Пожалуй, из элиты Минфина статус виттевского ученика применим к его личным секретарям — И.П. Шипову и А.И. Путилову[151]; затем они поочерёдно возглавляли общую канцелярию ведомства. Став в октябре 1905 года первым председателем правительства, Витте именно им доверяет Министерство финансов: Шипов становится министром, а Путилов — его товарищем. Причём Путилов, впоследствии один из ведущих деятелей российского банковского мира, до самой смерти патрона сохранял с ним тесные контакты[152]. Был в Минфине также сотрудник, находившийся не только в служебных, но и в доверительных отношениях с министром. Речь о начальнике департамента железнодорожных дел В.В. Максимове, коего даже называли «оруженосцем Витте». В ходе громкого дела о крахе купца С.И. Мамонтова Максимов подозревался следствием в коррупции, и всемогущий тогда министр вывел того из-под удара, уволив со службы[153]. Однако в мемуарах сам Витте счёл нужным дистанцироваться от своего бывшего любимца, указав, что тот «достался» ему от Бунге[154].
Тем не менее современные исследователи продолжают утверждать, что именно Витте привлёк в Министерство финансов «новую группу технически грамотных подчинённых»[155]. Справедливости ради заметим, что тот действительно пополнил состав ведомства, правда этот кадровый вклад был весьма своеобразным. Прогрессивный министр усиленно продвигал главным образом знакомых по прежней службе в Киеве. С назначения начальником департамента Минфина и далее он делал ставку на бывших сослуживцев по Юго-Западной железной дороге, и некоторые из них оказались не очень хорошо знакомы с русской грамотой. По ведомству тогда ходил анекдот: кто-то из них адресовал прошение в «министерство финанцев»[156]. Подчеркнём: среди назначений, инициированных непосредственно Витте, крайне мало удачных. Так, в мемуарах он списал свои первоначальные колебания в проведении денежной реформы на товарища министра А.Я. Антоновича, явно не соответствовавшего должности: «В деталях, конечно, он меня сбивал»[157]. Вице-директор департамента окладных сборов Н.А. Брежский, приглашённый из Киева, не смог найти общего языка с не доверявшими ему сотрудниками. В министерстве он был «как в загоне», и вскоре его забыли[158]. Пост вице-директора кредитной канцелярии Витте предоставил Мерингу, сыну крупного киевского домовладельца, за женитьбу на его дочери (приёмной) от первой жены[159]. Зато всем запомнился начальник этой самой кредитной канцелярии Б.Ф. Малишевский, за которым ещё в Киеве закрепилось прозвище Умалишевский. Это был математик-пессимист, «плохой администратор, вовсе не знавший России, относившийся предубеждённо ко всему русскому, но зато сочувственно ко всему польскому»[160]. А однажды на глаза министру финансов попался директор Киевского ремесленного училища по фамилии Анопуло, и он забрал того в своё ведомство — заведовать отделом коммерческого образования[161].

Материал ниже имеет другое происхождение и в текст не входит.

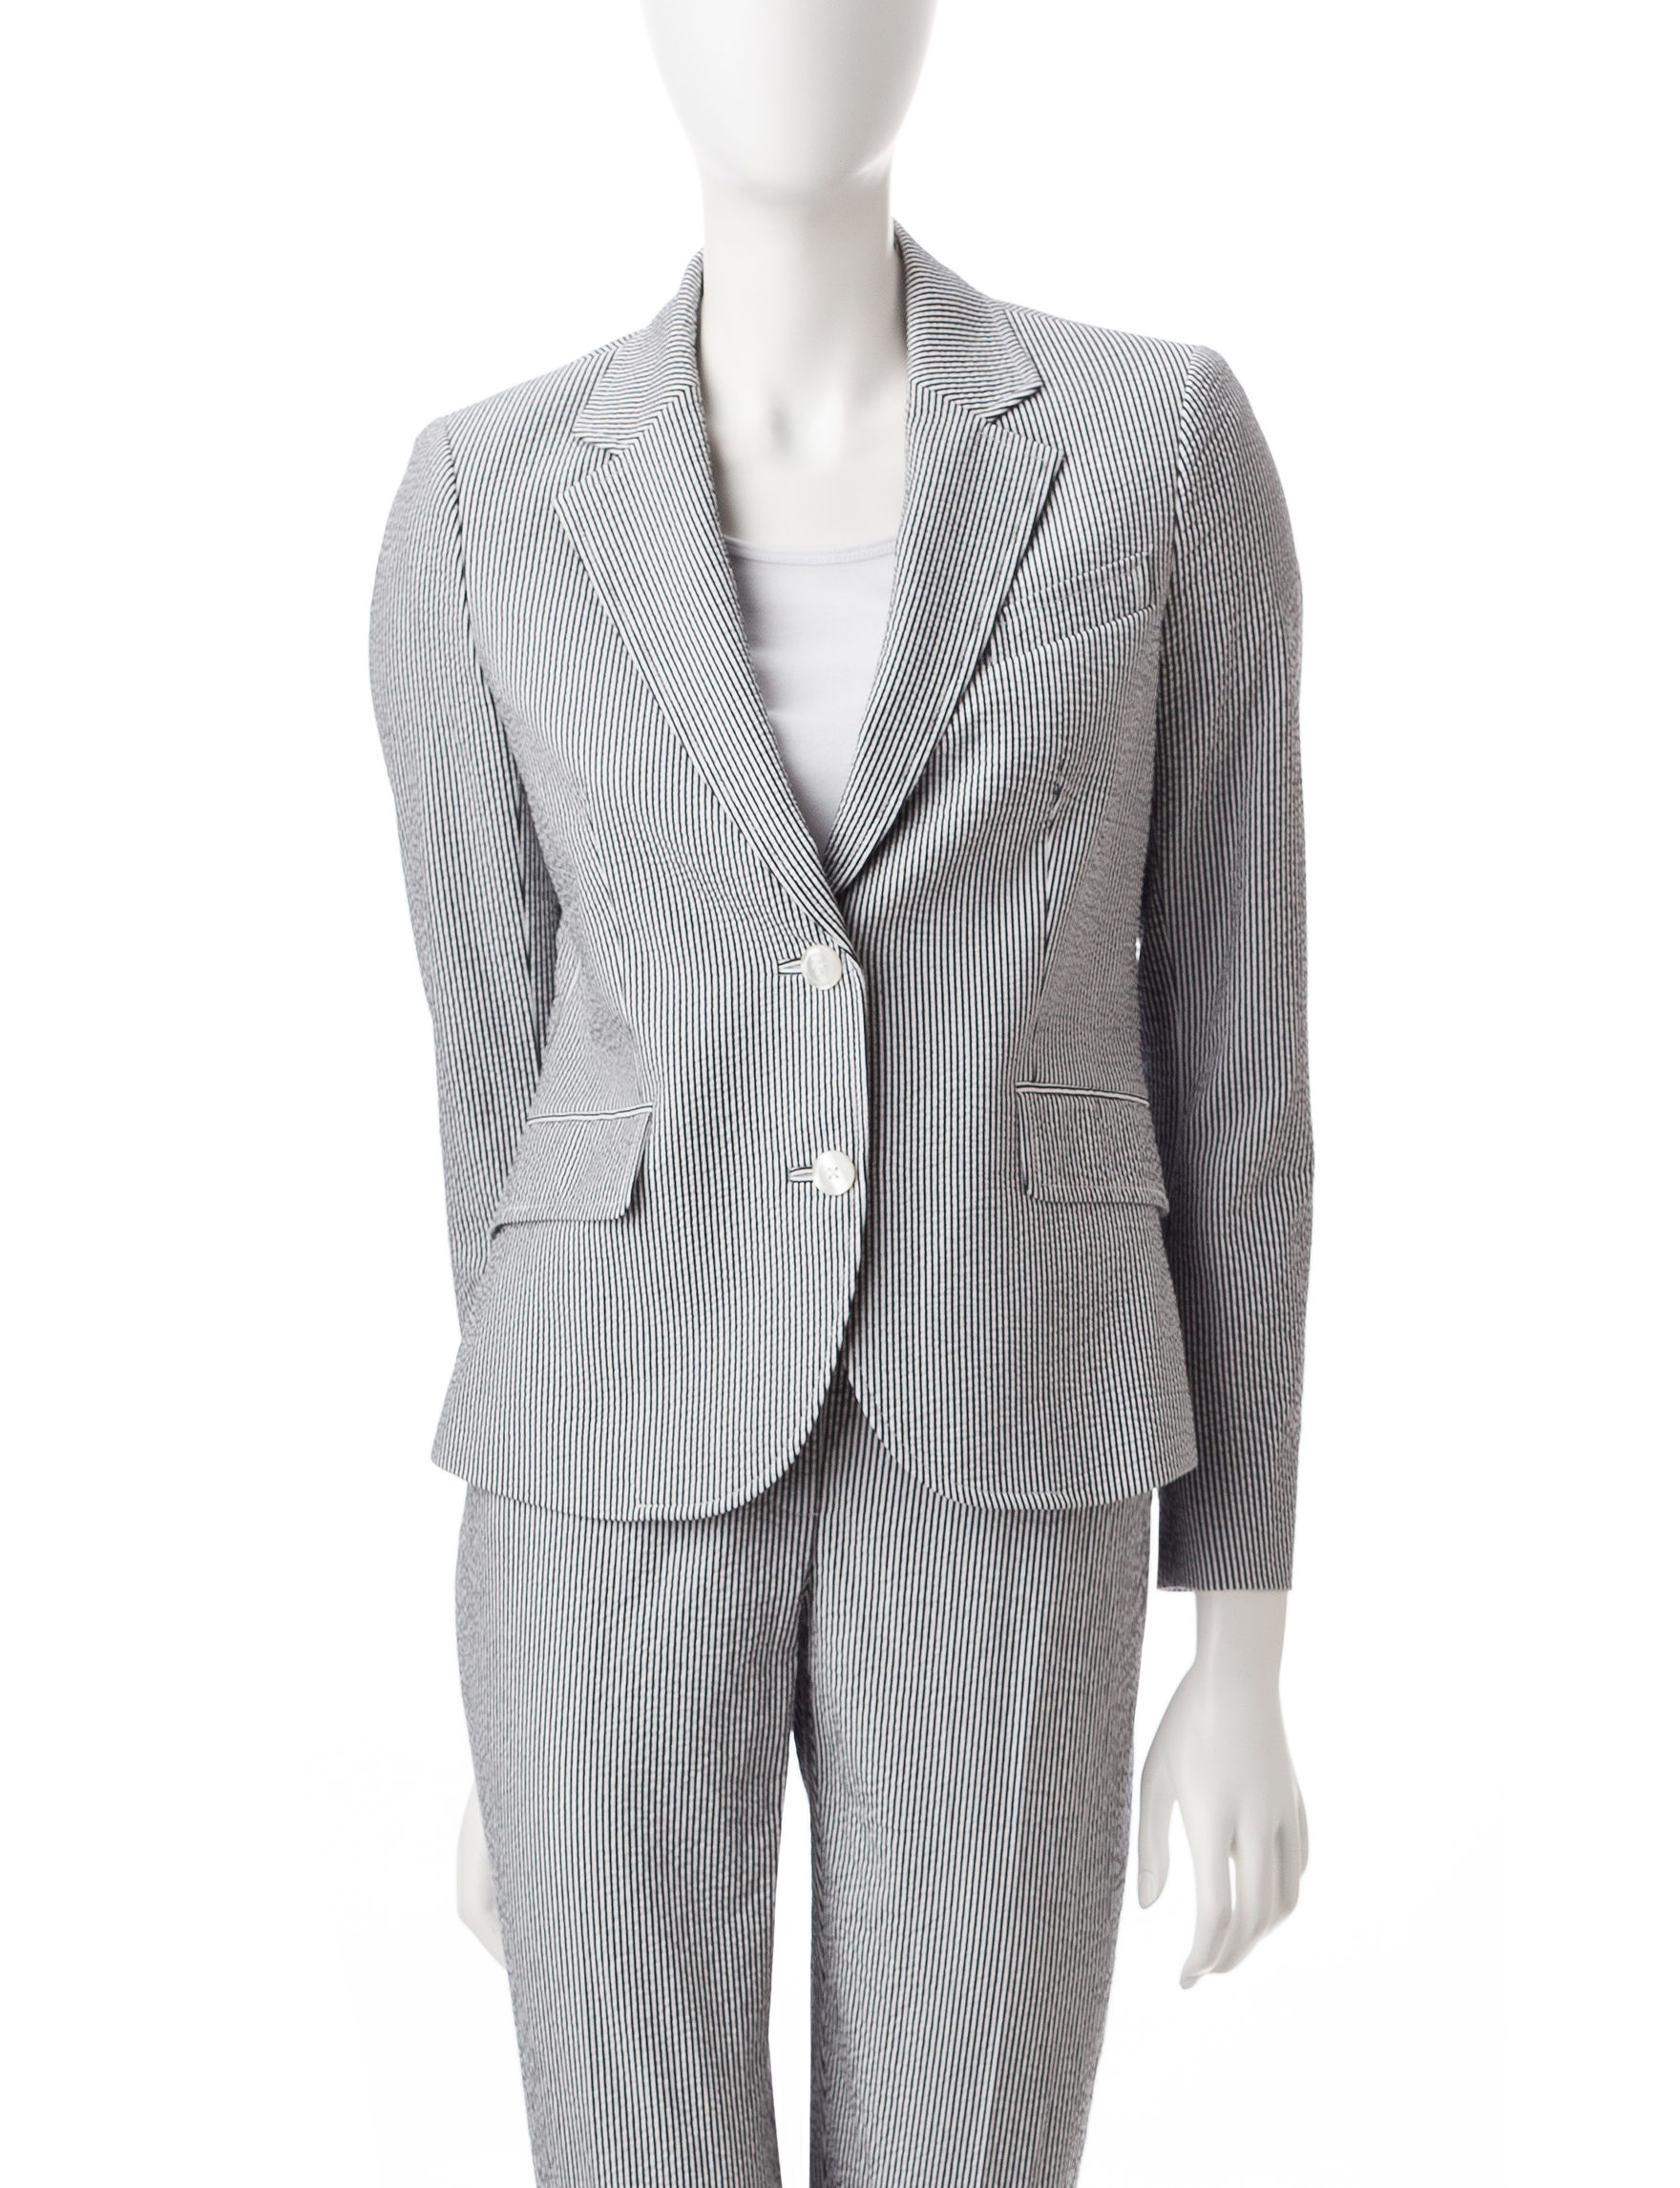 Anne Klein Black / White Lightweight Jackets & Blazers

Очевидно, что Витте никак не мог быть тем центром притяжения, вокруг которого группировались действительно реформаторски настроенные силы. К сожалению, упрощённый взгляд историографов на бюрократическую элиту Николая II не стимулирует вдумчивого отношения к этому периоду. Применительно к началу царствования Александра II всё предельно ясно: вожаком просвещённой бюрократии был вел. кн. Константин Николаевич, руководивший Морским министерством — кузницей либеральных кадров. Этот царский родственник собрал плеяду сотрудников, которые затем заняли ключевые правительственные посты и проводили Великие реформы. А в правление Николая II, когда бюрократия «стремительно вырождалась», такого центра быть уже просто-напросто не могло. И эту функцию довелось осуществить таланту со стороны — возглавившему Минфин Витте. Если же уйти от этих почти столетних штампов, то придётся признать: кузница реформаторских кадров существовала и в начале XX века, но отнюдь не под началом Витте. Стоит только обратить внимание на истинную роль Сольского в верхах, как обнаружится и значение государственной канцелярии — аппарата Госсовета.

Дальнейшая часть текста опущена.